Seems that this problem only appears if I have more than one socked opened by listen directive...
(In reply to comment #27) > seems this bug still applies in 2.2.9 for graceful stop, can someone confirm? > Yes, I can confirm. We currently have the same problem on 2.2.9 on Solaris 10 in production. I've also tested Joe's patch and that did not solve the issue for me. I'm not going to give Stephan's patch a try.
Joe's didn't work for me either, but Stefans' seemed to work. If nothing else it made the problem much less apparent.
(In reply to comment #30) > Joe's didn't work for me either, but Stefans' seemed to work. If nothing else > it made the problem much less apparent. Yes, I can confirm this. We have deployed Stefan Fritsch's patch in our test environment, and the issue seems to be gone now. I will deploy to production as soon as possible, but it would be a good idea to incorporate this patch into the official source.
Stefan Fritsch's latest patch has now been running in our production environment for quite some time, and all seems to be well. The issue is solved, and we can do graceful restarts again. I vote for this patch to be checked in the official source.
I've just upgraded our test-environment to Apache 2.2.10, and included Stefan's patch that used to work fine for me in version 2.2.9. However, even with this patch the issue is now still present in 2.2.10. Can anyone have a look, or will I be forced to start using a different threading model?
(In reply to comment #33) > I've just upgraded our test-environment to Apache 2.2.10, and included Stefan's > patch that used to work fine for me in version 2.2.9. However, even with this > patch the issue is now still present in 2.2.10. Nothing has changed in the relevant code in apache 2.2.10. But there was a change in apr that might have something to do with it. Can you get a stacktrace of a hanging process (should be possible with pstack)?
Created attachment 22822 [details] combination of the two patches above (21137 and 21406) You could also try if applying both patches helps.
For the record: I don't see any problems under Linux using 2.2.10 with the 2007-11-16 patch.
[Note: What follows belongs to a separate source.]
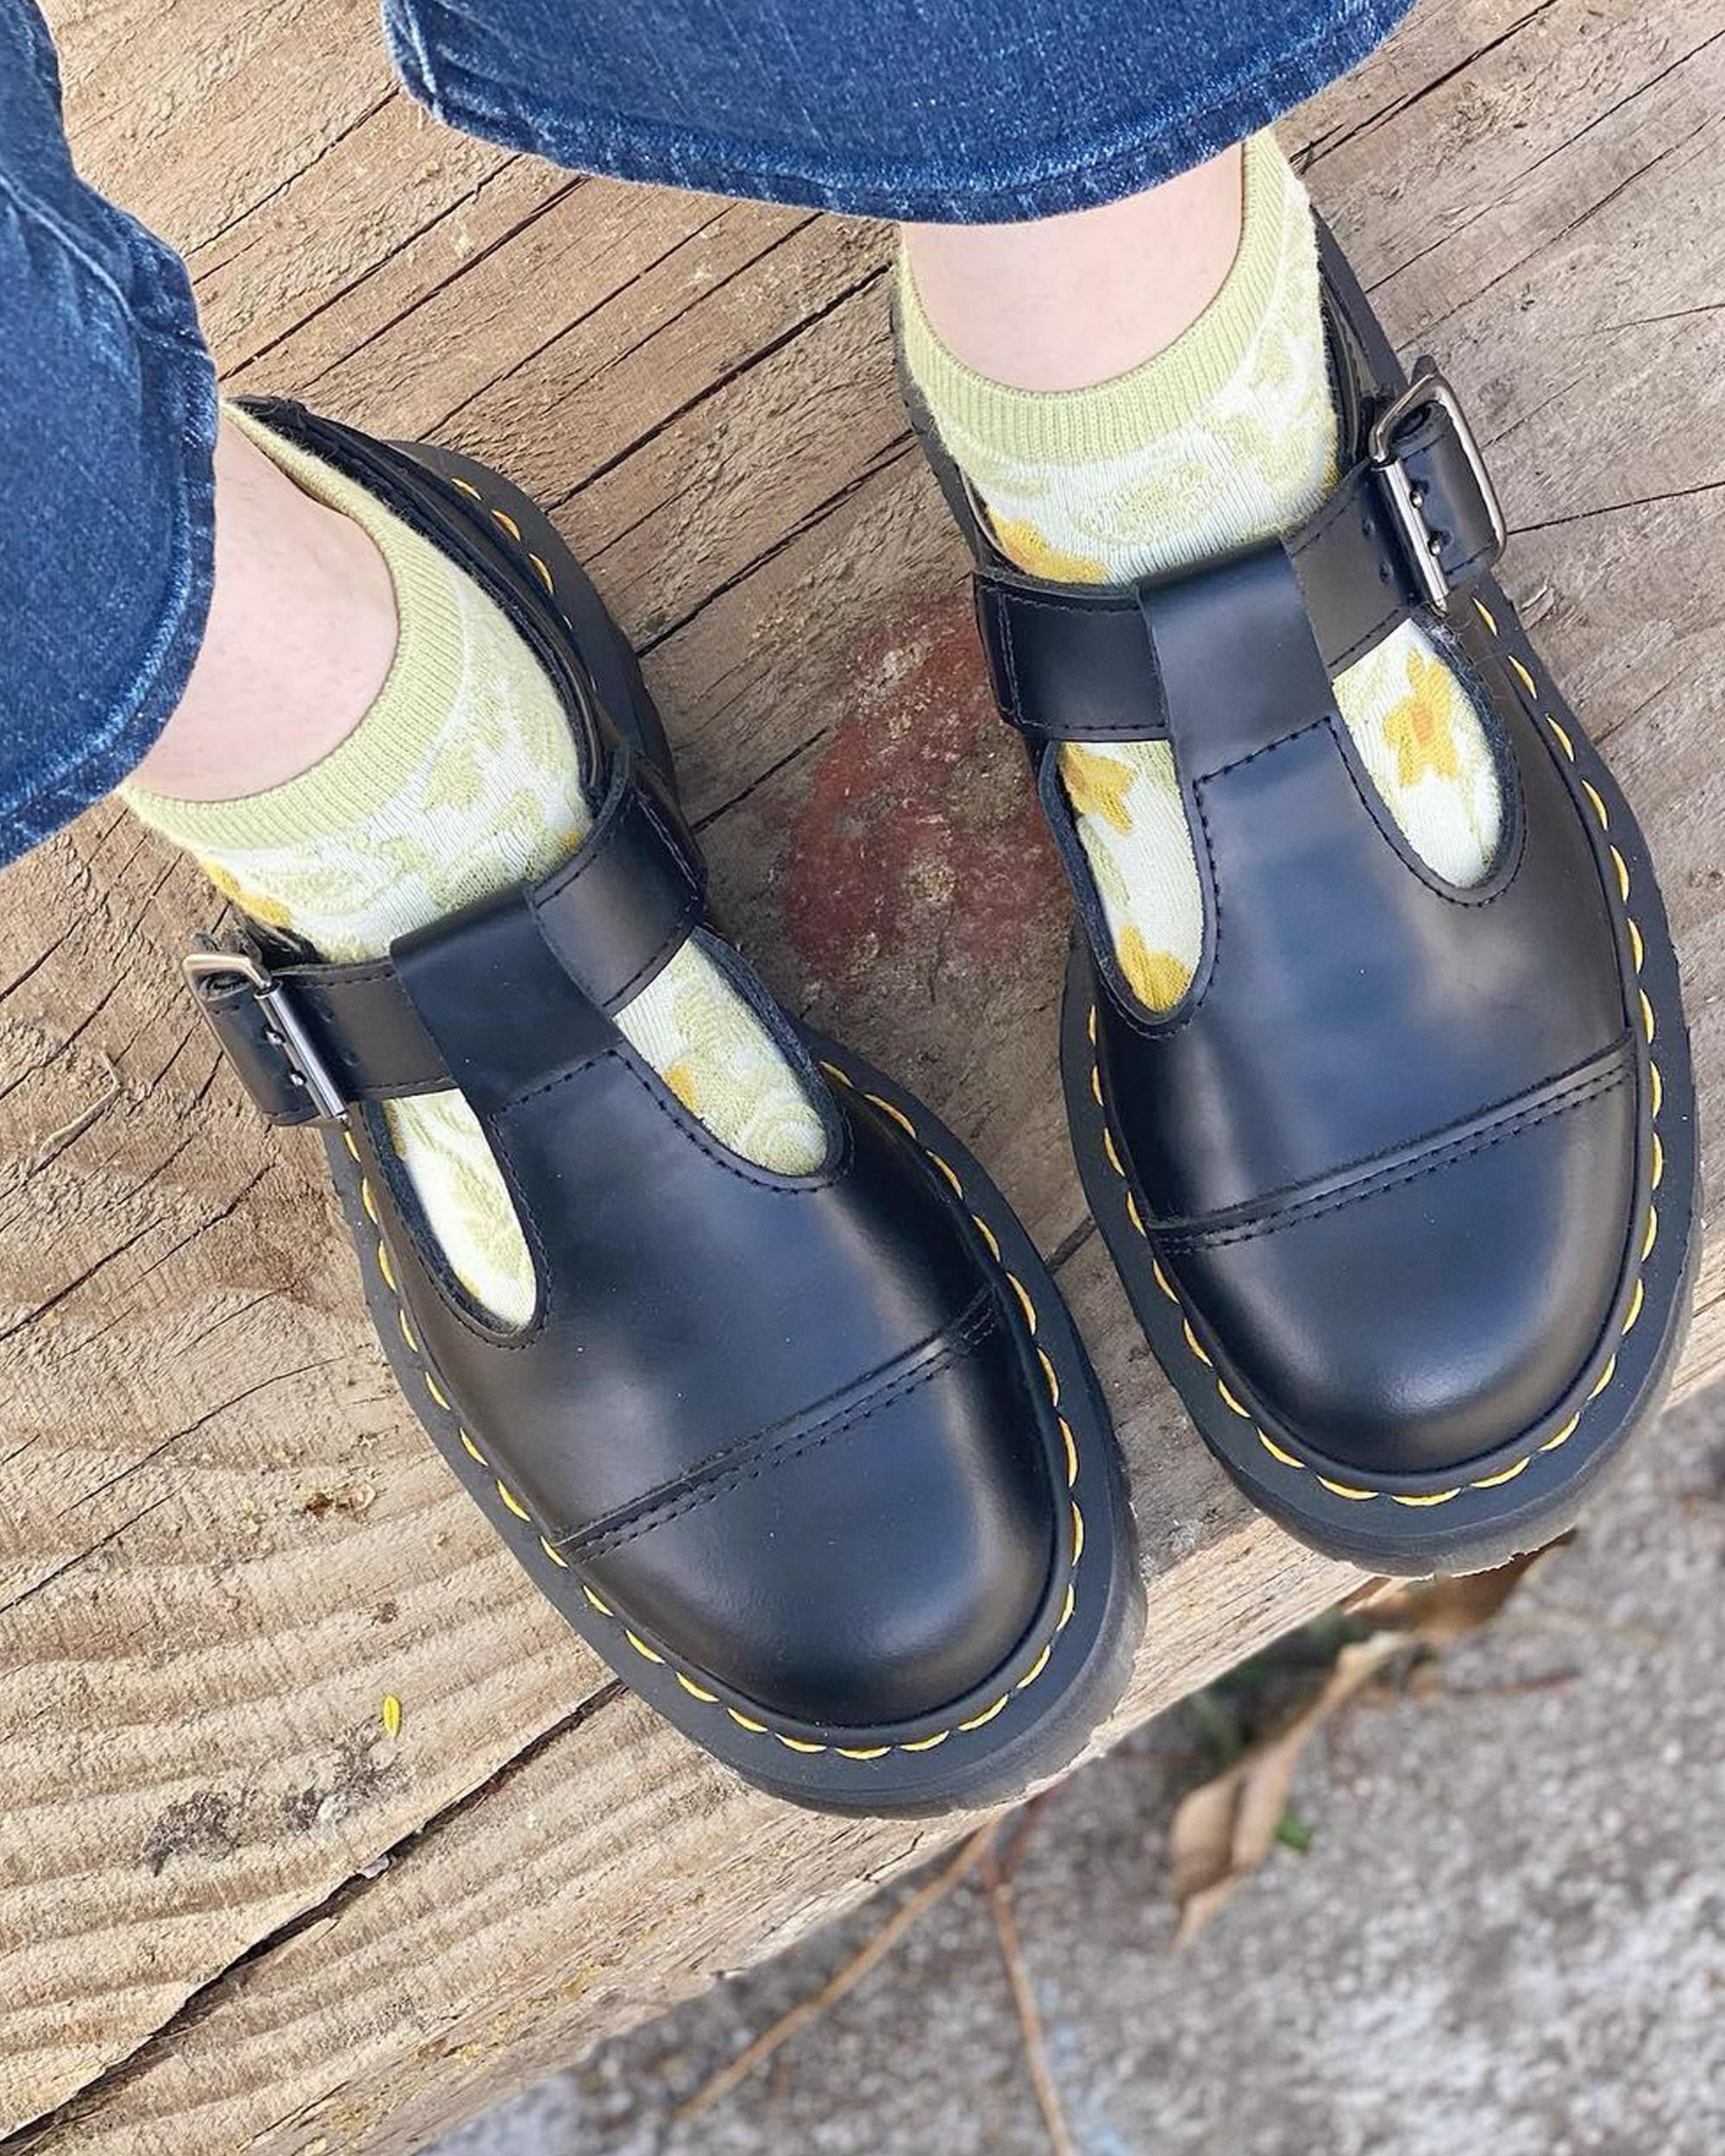 Bethan Smooth Leather Platform Mary Jane ShoesBethan Smooth Leather Platform Mary Jane Shoes Dr. Martens

Comment on attachment 21406 [details] close listeners using dup2 to avoid undefined behaviour My patch won't help solve the problem, so there is no use anybody trying it; as explained in the thread on dev@httpd, the listening fds are removed from the epoll set on closure by the kernel, dup2'ing onto the fd is equivalent to closure, so the behaviour is equivalent.
(In reply to comment #37) > (From update of attachment 21406 [details]) > My patch won't help solve the problem, so there is no use anybody trying it; as > explained in the thread on dev@httpd, the listening fds are removed from the > epoll set on closure by the kernel, dup2'ing onto the fd is equivalent to > closure, so the behaviour is equivalent. This is true for epoll, but IIRC solaris 10 uses port_create and Cedric uses Solaris 10. I haven't checked if the semantics are the same as for epoll.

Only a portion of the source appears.